Тотчас кислотник несколько раз быстро моргнул, как от перебоев в электрической сети и почти погас, став совсем тусклым. Внезапная волна успокаивающего облегчения проникла Антону в больную грудь и пошла дальше, растекаясь по каждой клеточке тела.
— Теперь, — шепнул меч, — тебе будет значительно легче общаться со мной в подсознании.

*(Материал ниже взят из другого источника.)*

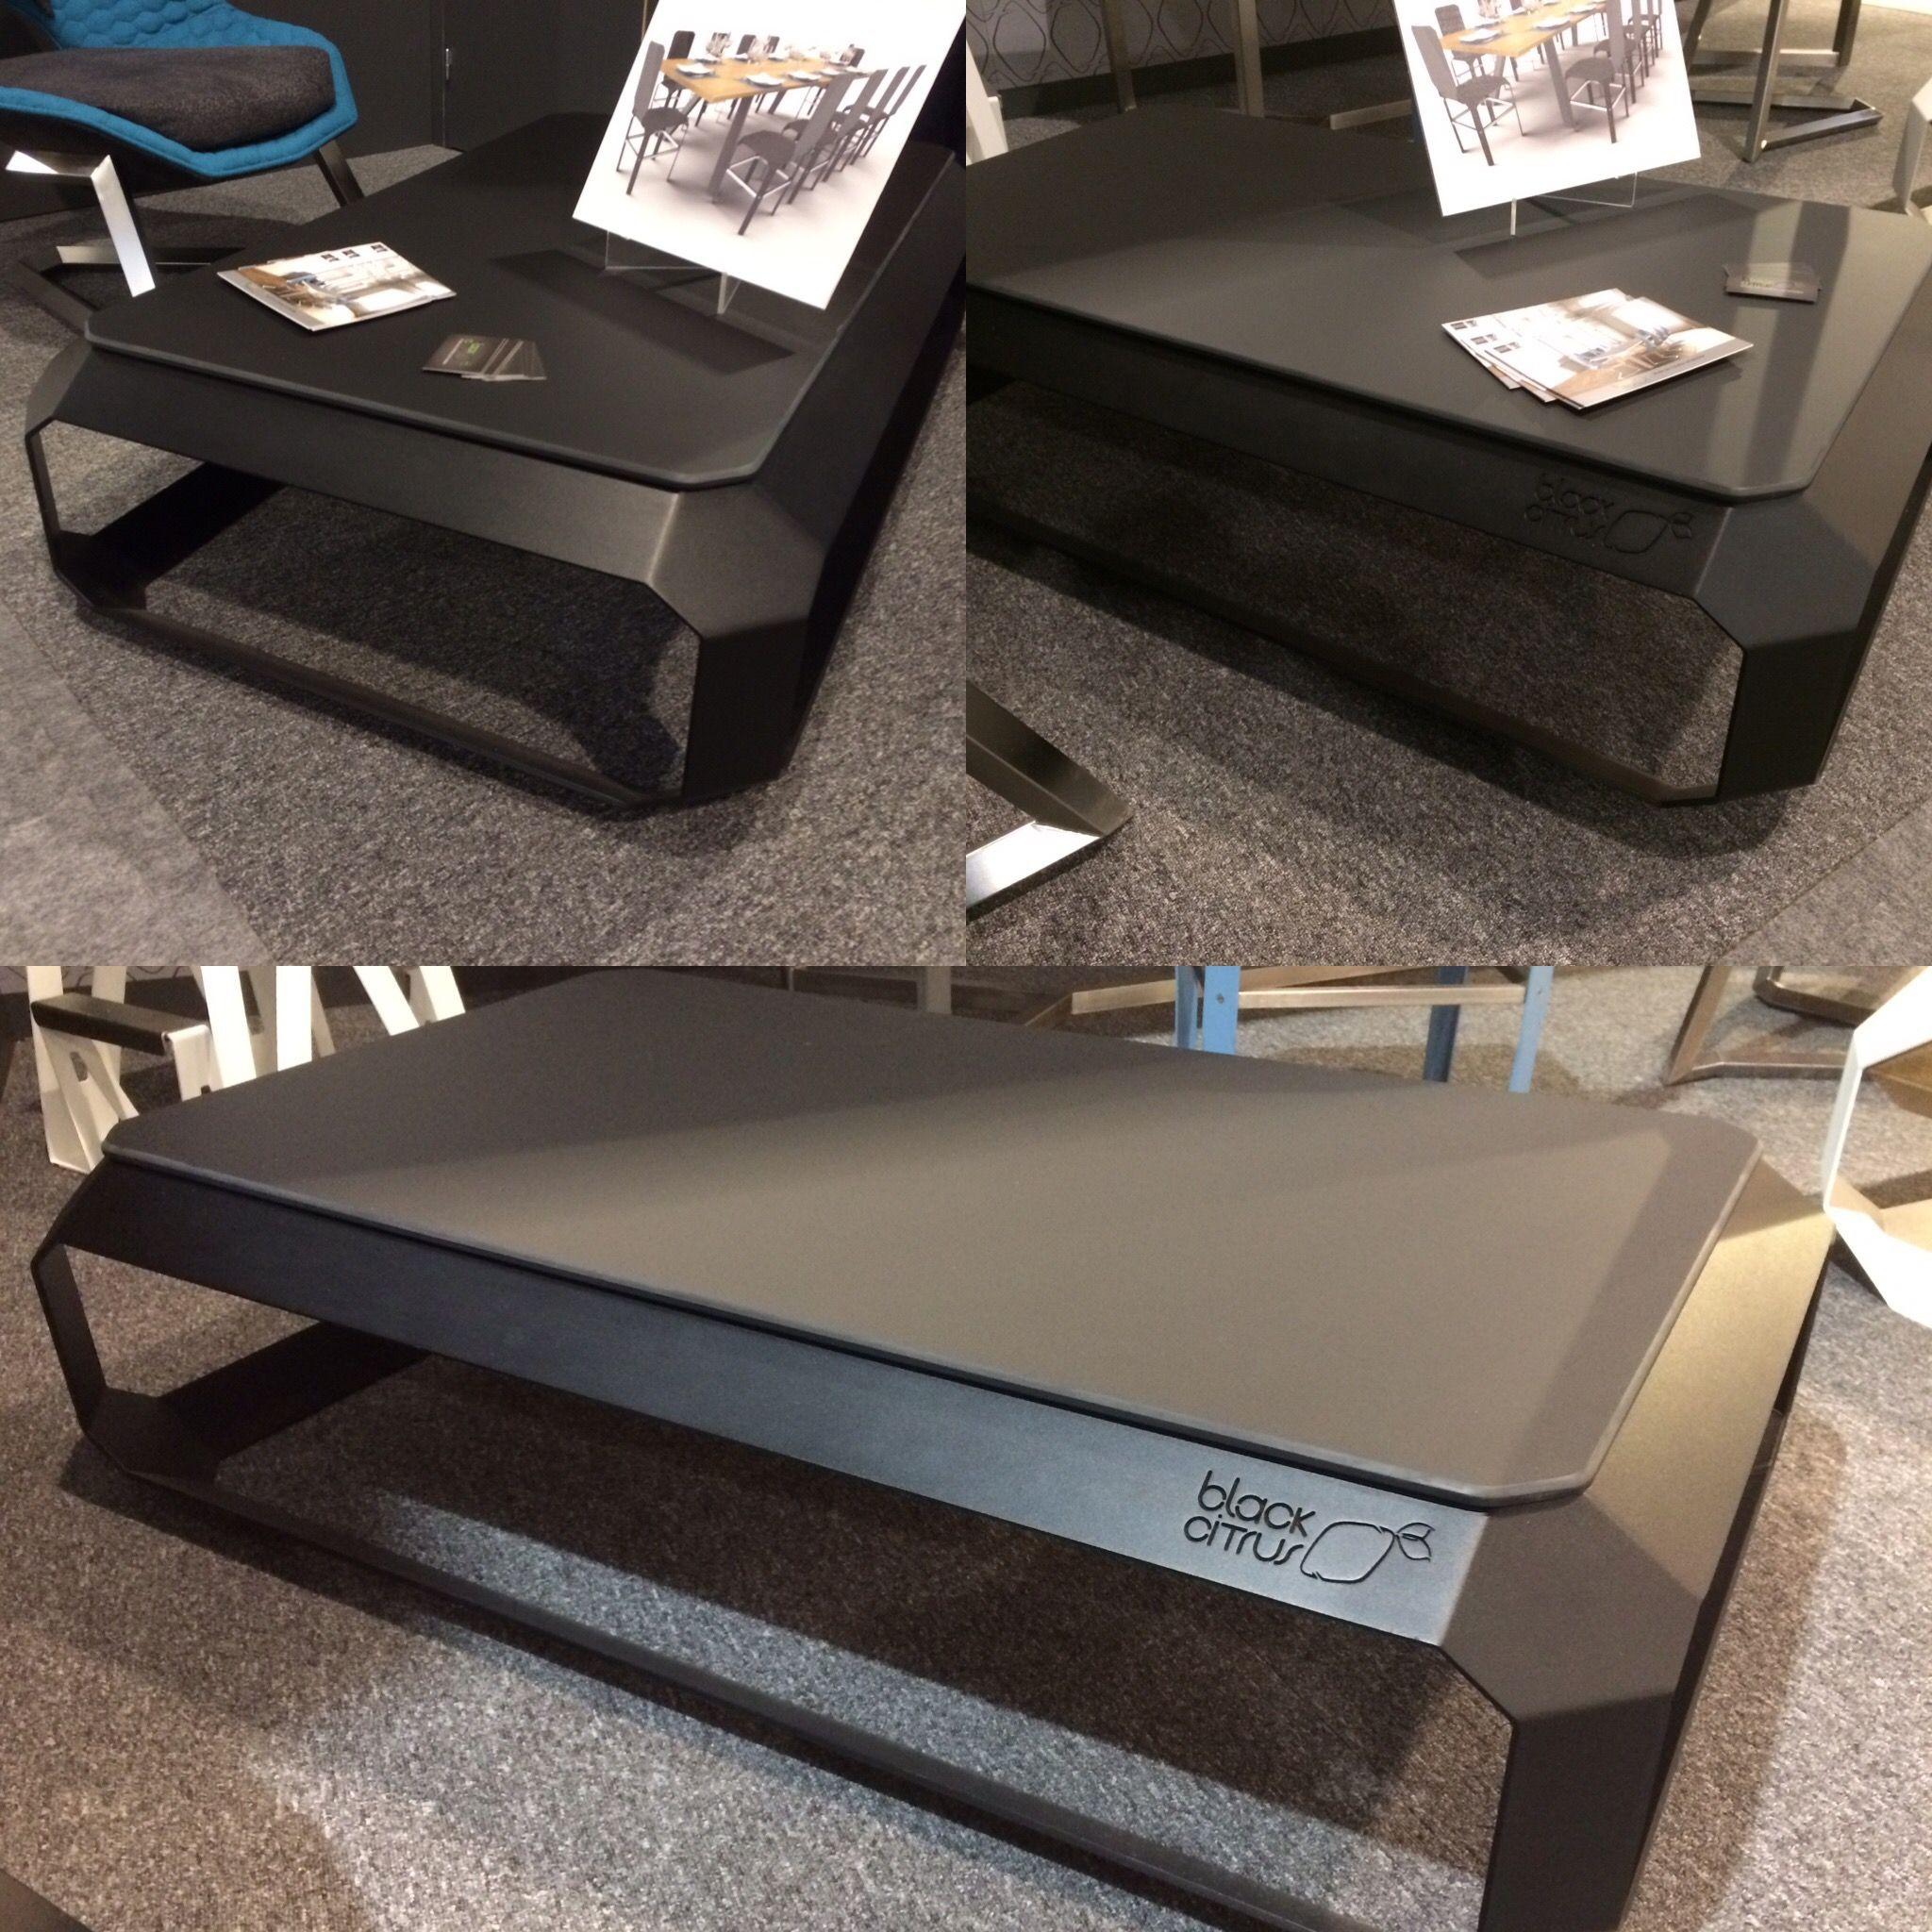 Table Basse Ultra Contemporaine En Acier Thermo Laque Noir Texture Et Plateau En Fenix Noir Mat De 10mm Design M With Images Board Design Industrial Design Table Design

А мне потребуется большая концентрация твоего и моего духа, чтобы нас никто не смог подслушать.
— Разве, — Клипарду показалось, что он ослышался, — может кто-либо подслушать мысли без Считчика?
Меч заерзал на постели, поудобнее устраиваясь. Волна безболезненного тепла, почти жары, накатывала ровными интервалами, Антон почувствовал, что опять погружается в царство Морфея.
— Боги могут все! — вздохнул кислотник. — Или силы, называющее себя богами. Мы, тай-цзин, оказались в очень опасном переплетении войн между всемогущими силами.
Капитан уснул, убаюканный медленным речитативом оружия.
Глава 5
«В начале было начало!»
Когда-то не было ничего. Бескрайняя тишина и недвижимый покой. Только Хаос, сплошной бесформенной кляксой расплескавшийся в подпространстве. И не было жизни между звездами. И не было небесных тел.
Но вот приоткрылся прокол. И появился маленький короткий луч, возможно радиосообщение из другого мира. И превратился этот посланец маленького света в слово.
И было Слово.
И слово было «БОГ».
И понял он свою суть. И возлюбил себя.[1]
Первое, что почувствовало божество после осмысления себя, что он очень устал. Ноги дрожали от напряжения. Еще бы, дело ли, путешествовать сквозь время и пространство в Хаос, чтобы зародить жизнь.
И сотворил он первым камень, наделив его способностью мыслить и разговаривать. Много времени Бог, и глыба проводили в бесконечных философских диспутах. Камень обожал, когда Бог садился на него, совещаясь, чего бы еще сотворить. Во истину безмерными были возможности Творца вселенной.
Камню было очень неуютно висеть среди хаотического спокойствия. Поэтому он попросил сотворить себе твердь. Чтобы можно было надежно врасти в нее корнями, и ничто бы не смогло оторвать его от своего фундамента, разве что он сам бы захотел.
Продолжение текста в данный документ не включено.